If the communists were the Manmohan
Singh government's bugbear during the first term of the United
Progressive Alliance (UPA) when they were its allies, then the
Dravida Munnetra Kazhagam (DMK) is perhaps one of its most irksome
partners now.
But there's a difference. While the Left was driven by
anti-American prejudices, the DMK is guided by its blinkered Tamil
chauvinism which ignores national considerations.
As a result, it tries to exploit the sentiments of the Tamils in
Tamil Nadu by championing the cause of the Tamils in Sri Lanka
without paying any heed to the damaging consequences of its
restrictive sub-national outlook.
For all the suffering which the Sri Lankan Tamils underwent during
the fratricidal civil war, they remain citizens of the island. By
raising the issue of Eelam or a separate homeland for them, the
DMK is only driving a wedge once again between the Sinhalese and
the Tamils.
The stance is all the more deplorable because the DMK's purpose is
not so much the betterment of the Tamils in Sri Lanka as of its
own political position in Tamil Nadu. Having lost the last
assembly election and having been weakened by the rivalry between
the two sons of party supremo M. Karunanidhi, the DMK sees the
human rights debate on Sri Lanka as an issue to revive itself.
For the government, what this self-serving attitude confirms is
the difficulty of running a coalition in a land as diverse as
India where the popular preoccupations in one part of the country
have no resonance elsewhere.
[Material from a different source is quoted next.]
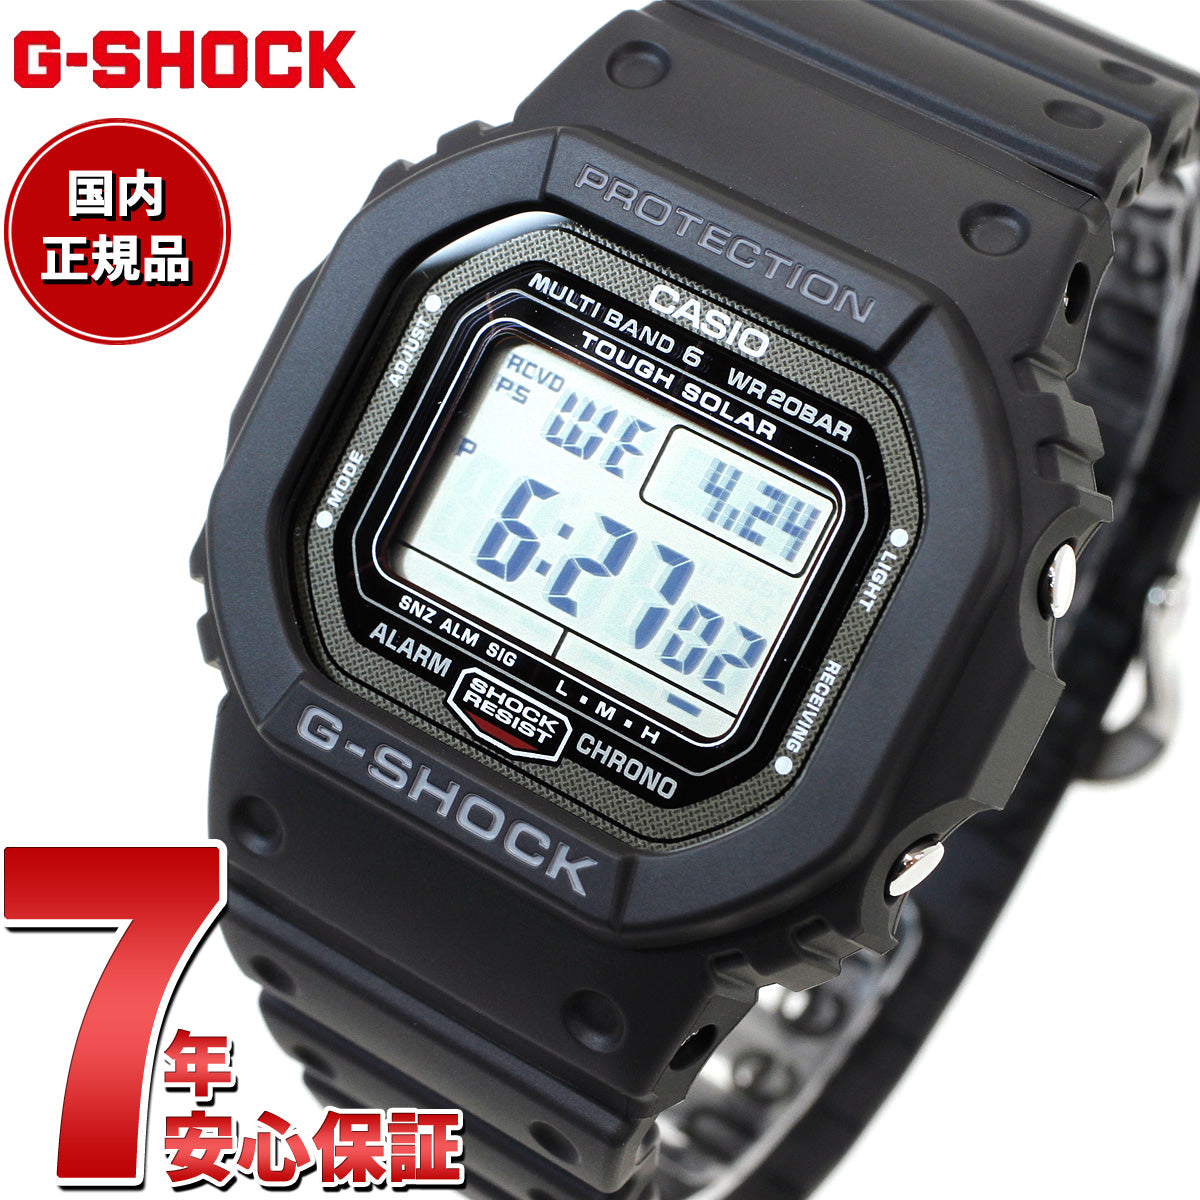 LEDバックライト付きG-SHOCK Gショック デジタル腕時計 GW-5000U-1JF ブラック

Yet, since an ally belonging to that
region has the power to embarrass the government by withdrawing
support - as the DMK has done - the government has little option
but to try to keep it in good humour.
Clearly, the prospect of being blackmailed is an ever-present
threat in such an arrangement. There are two ways of dealing with
this danger. One is placation and the other is to play off one
ally against another.
To start with the first, the government tried it when the DMK's
Andimuthu Raja was caught in the telecom scam. It stood by him
till he was jailed by the Supreme Court because dismissing him
might have made the DMK withdraw its support.
The end result of succumbing to the blackmail has however not been
a happy one. First, the government's image has been severely
tarnished and, secondly, this taint was one reason why the
Congress lost along with the DMK in Tamil Nadu.
As for the balancing trick involving two or more allies, this game
is now being played with the Trinamool Congress unexpectedly
offering support to the government in case the DMK's antics prove
to be too troublesome.
The Trinamool Congress's offer could not have come at a better
time because the DMK's sulks were compounded by the Samajwadi
Party's (SP) demand for Union Steel Minister Beni Prasad Verma's
resignation for accusing SP leader Mulayam Singh Yadav of
harbouring terrorists.
As the sequence of events shows, a government can be tripped up by
the consequences of a civil war in a neighbouring country or an
unwarranted comment by a Union minister. Although the Trinamool
Congress has come to its rescue this time, it has to be remembered
that the same party had, like the DMK, put its partisan objectives
above the national interest when it opposed the Teesta river
waters treaty between India and Bangladesh on the plea that it
would cause a shortage of irrigation water in north Bengal.
But, even as the coalition partners try to extract whatever
concession they can from the first party of the combination, the
latter has the advantage of knowing that none of them wants an
early election.
This reluctance applies to both the DMK and the SP because of
their weakened condition in their respective states, Tamil Nadu
and Uttar Pradesh. While the DMK's chances of ousting the
currently well-placed AIADMK are dim, the SP has been floundering
because of a deteriorating law and order situation.
Even the Trinamool Congress's overtures to the government at the
centre are said to have been motivated by its realization that the
party has lost a lot of ground since it came to power on a wave of
high expectations.
The political scene is, therefore, a curious one. A government at
the centre, which faces allegations of corruption and policy
paralysis, is being harried by allies, who cannot be said to be
firmly entrenched in their own states.
Both the sides are careful, therefore, not to be too pushy. While
the government shows signs of accommodation, its opponents flex
their muscles without recourse to any definitive action.
There is a Lakshman Rekha or a safety margin which none of them
dares to cross. For all practical purposes, it is a game of
shadow-boxing, all sound and fury, signifying nothing.